Our first stop for photos was at Vico Equense. At the time, I thought we were actually on the Amalfi Coast, but these pictures were actually of Sorrento and the Bay of Naples (I think).
From there, we continued our drive along the breathtakingly beautiful coast to Positano, a town that is crammed onto slopes than plunge down toward the water. It was also crammed with tourists.
We had a couple of hours of free time here. I was tempted by many shops, including some men's clothing stores (thinking of my still-missing main suitcase), but in the end only purchased a couple of bottles of rosé (rosato) - one from the Amalfi Coast and the other from Puglia, a bottle of "Five Roses." I had learned about this wine in my Italian Wine Scholar course. It was the first Italian rosato to be commercially produced and sold in Italy and exported to the United States, discovered by an American general during World War II.
|At lunch in Positano|
From Positano, we boarded a ferry that took us to the town of Amalfi, providing us an opportunity to see the famed coast from the water instead of the busy road cut into the sides of mountains:
Once in Amalfi, we walked past the beaches and then up, up, up the side of a steep hill to visit a lemon farm built onto the terraced hillside. The area is famous for its lemons and limoncello, and we sampled both at the farm we visited.
|The beaches in Amalfi|
|Climbing up the lemon farm terraces|
|Members of our group sampling lemons, lemon cake and limoncello|
After visiting the lemon farm and taking in the views of Amalfi it offered, we descended to the town square - dominated by the beautiful Cathedral of St. Andrew - and again had some free time to walk around, browse in shops and take pictures.

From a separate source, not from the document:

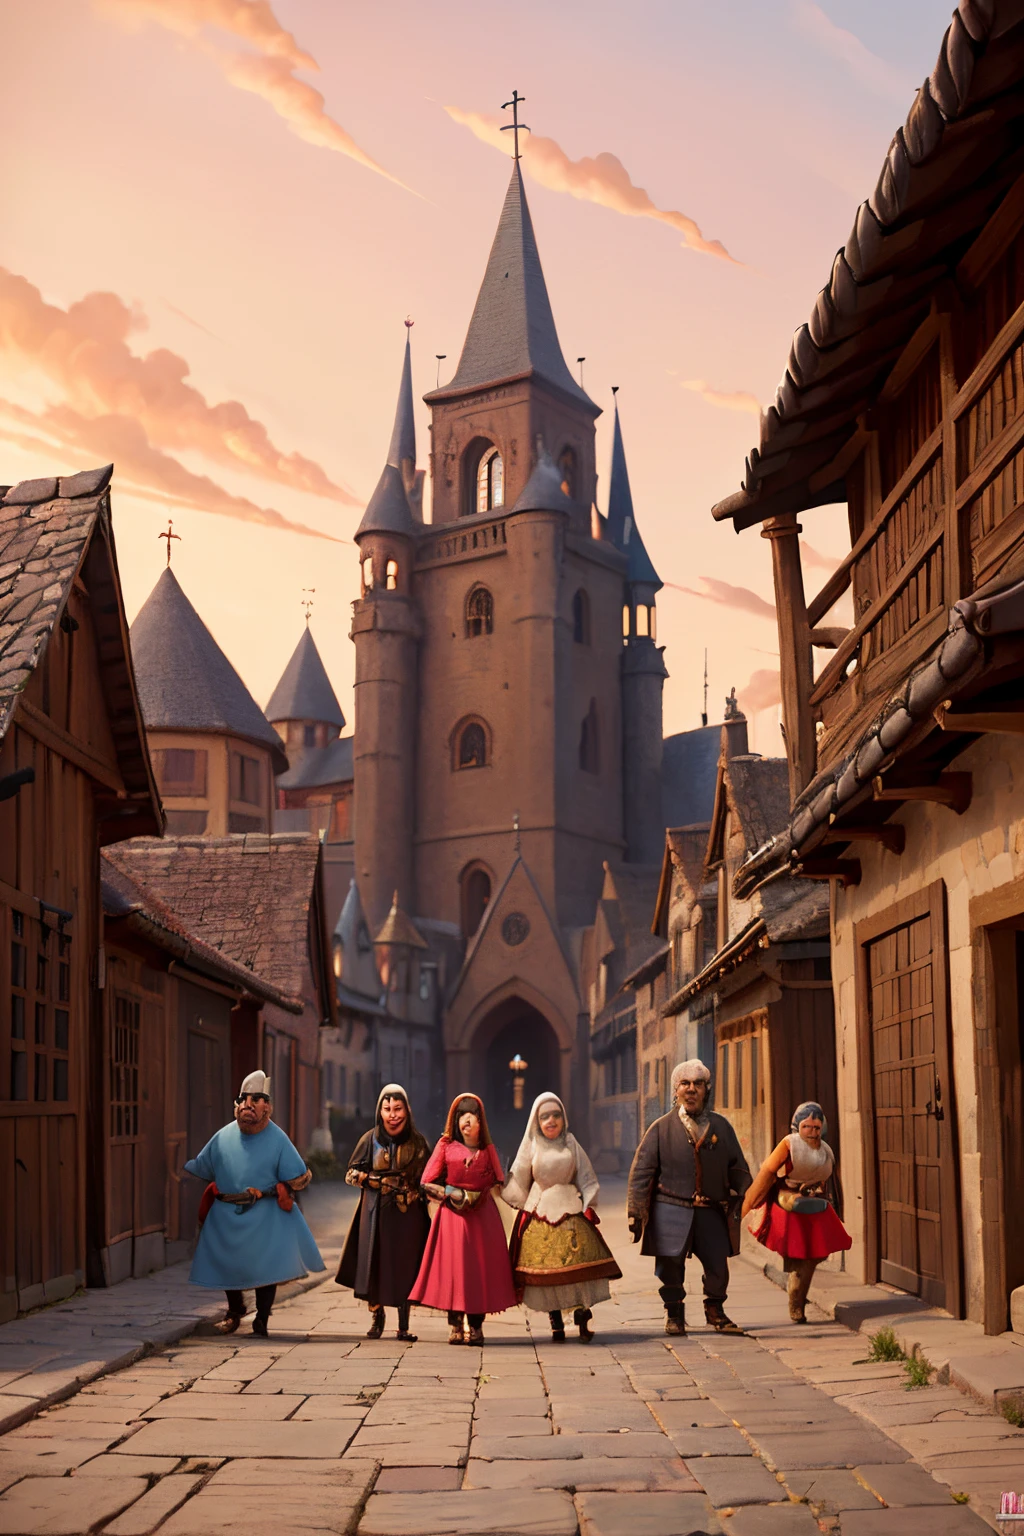 Alguns seres fantásticos e sombrios ,andando por uma grande rua, em uma rua medieval com casas ao redor, muitas pessoas com roupas medievais andando pela rua. Estilo Pixar

From Amalfi, we took another ferry to Salerno - the site where (I learned following my visit) Allied armies launched their invasion of mainland Italy in September of 1943. It was immediately apparent that the city's buildings looked fairly new, so I assumed that Salerno must have been flattened during World War II. I've got some reading to do when I get home.
From Salerno, we took another high-speed train back to Rome. It was a long but enjoyable day. Today's itinerary includes a foodie tour in the Trastevere neighborhood of Rome and a wine dinner tonight. Hopefully, my suitcase will turn up today!